Ab urbe condita

Titus Livius (Livy)

Livy. History of Rome, Volumes 1-2. Roberts, Canon, Rev, translator. London, New York: J. M. Dent and Sons; E. P. Dutton and Co., 1912.

Here do I vow a temple to thee, “Jove the Stayer,” as a memorial for the generations to come that it is through thy present help that the City has been saved.”

Then, as though he had become aware that his prayer had been heard, he cried, “Back, Romans! Jupiter Optimus Maximus bids you stand and renew the battle.”

They stopped as though commanded by a voice from heaven-Romulus dashed up to the foremost line, just as Mettius Curtius had run down from the citadel in front of the Sabines and driven the Romans in headlong flight over the whole of the ground now occupied by the Forum. He was now not far from the gate of the Palatine, and was shouting: “We have conquered our faithless hosts, our cowardly foes; now they know that to carry off maidens is a very different thing from fighting with men.”

In the midst of these vaunts Romulus, with a compact body of valiant troops, charged down on him. Mettius happened to be on horseback, so he was the more easily driven back, the Romans followed in pursuit, and, inspired by the courage of their king, the rest of the Roman army routed the Sabines.

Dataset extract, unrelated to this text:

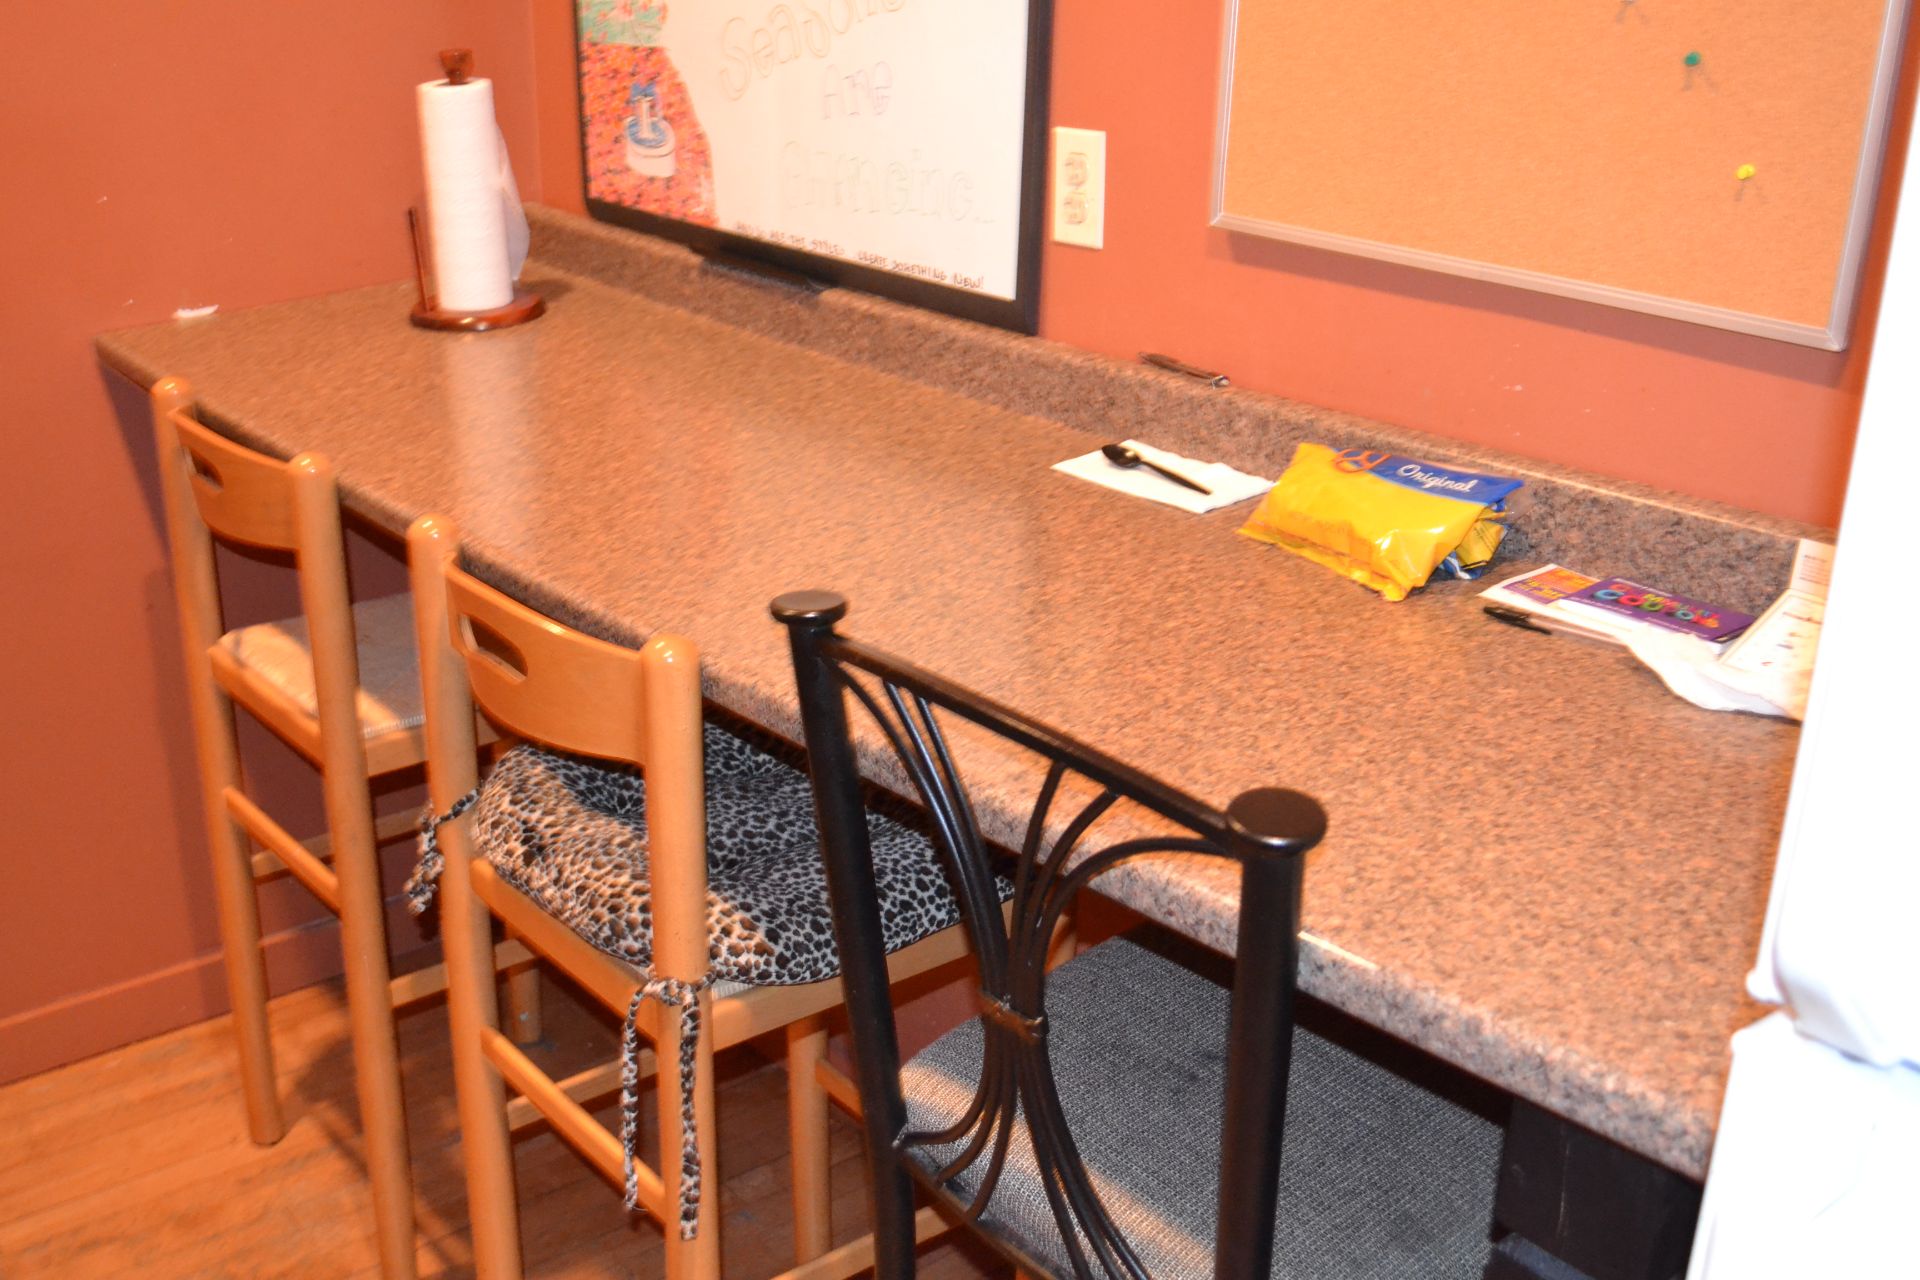 Contents of Breakroom: Fridge, Countertop, Table, Chairs & microwave - Image 2 of 4

Mettius, unable to control his horse, maddened by the noise of his pursuers, plunged into a morass. The danger of their general drew off the attention of the Sabines for a moment from the battle; they called out and made signals to encourage him, so, animated to fresh efforts, he succeeded in extricating himself. Thereupon the Romans and Sabines renewed the fighting in the middle of the valley, but the fortune of Rome was in the ascendant.

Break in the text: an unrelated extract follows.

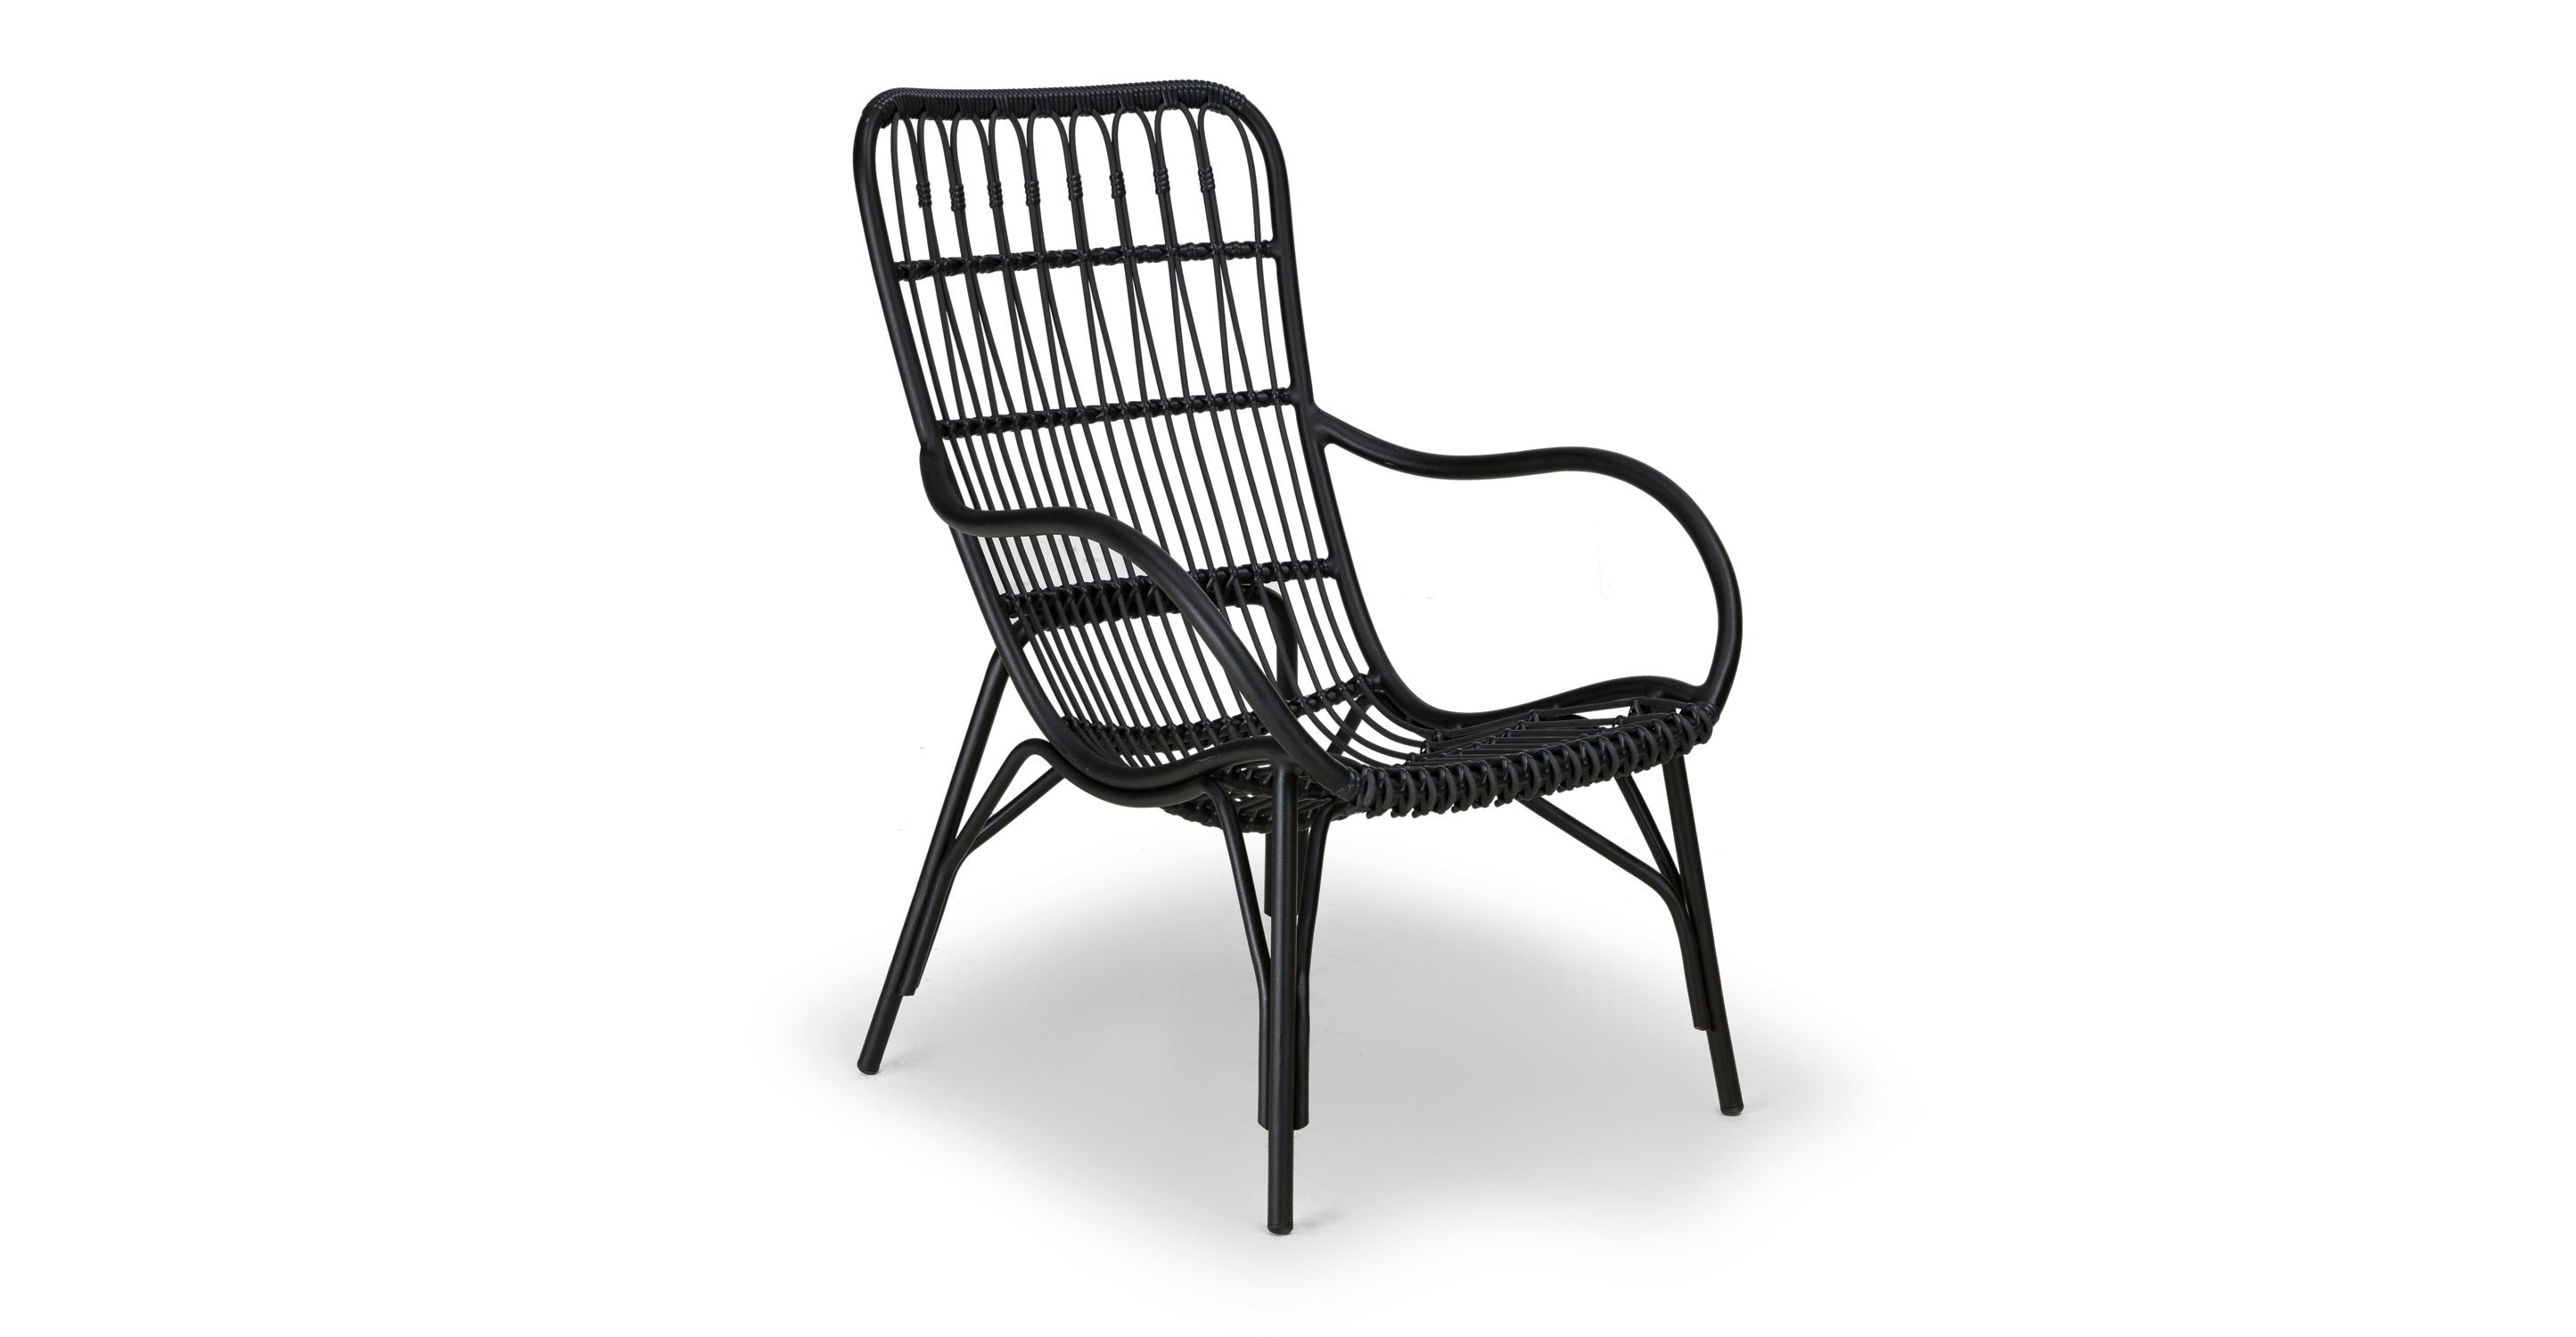 Medan Graphite Lounge Chair - Lounge Chairs - Article | Modern, Mid

Then[*](Peace and Union with the Sabines.) it was that the Sabine women, whose wrongs had led to the war, throwing off all womanish fears in their distress, went boldly into the midst of the flying missiles with dishevelled hair and rent garments.

Running across the space between the two armies they tried to stop any further fighting and calm the excited passions by appealing to their fathers in the one army and their husbands in the other not to bring upon themselves a curse by staining their hands with the blood of a father-in-law or a son-in-law, nor upon their posterity the taint of parricide.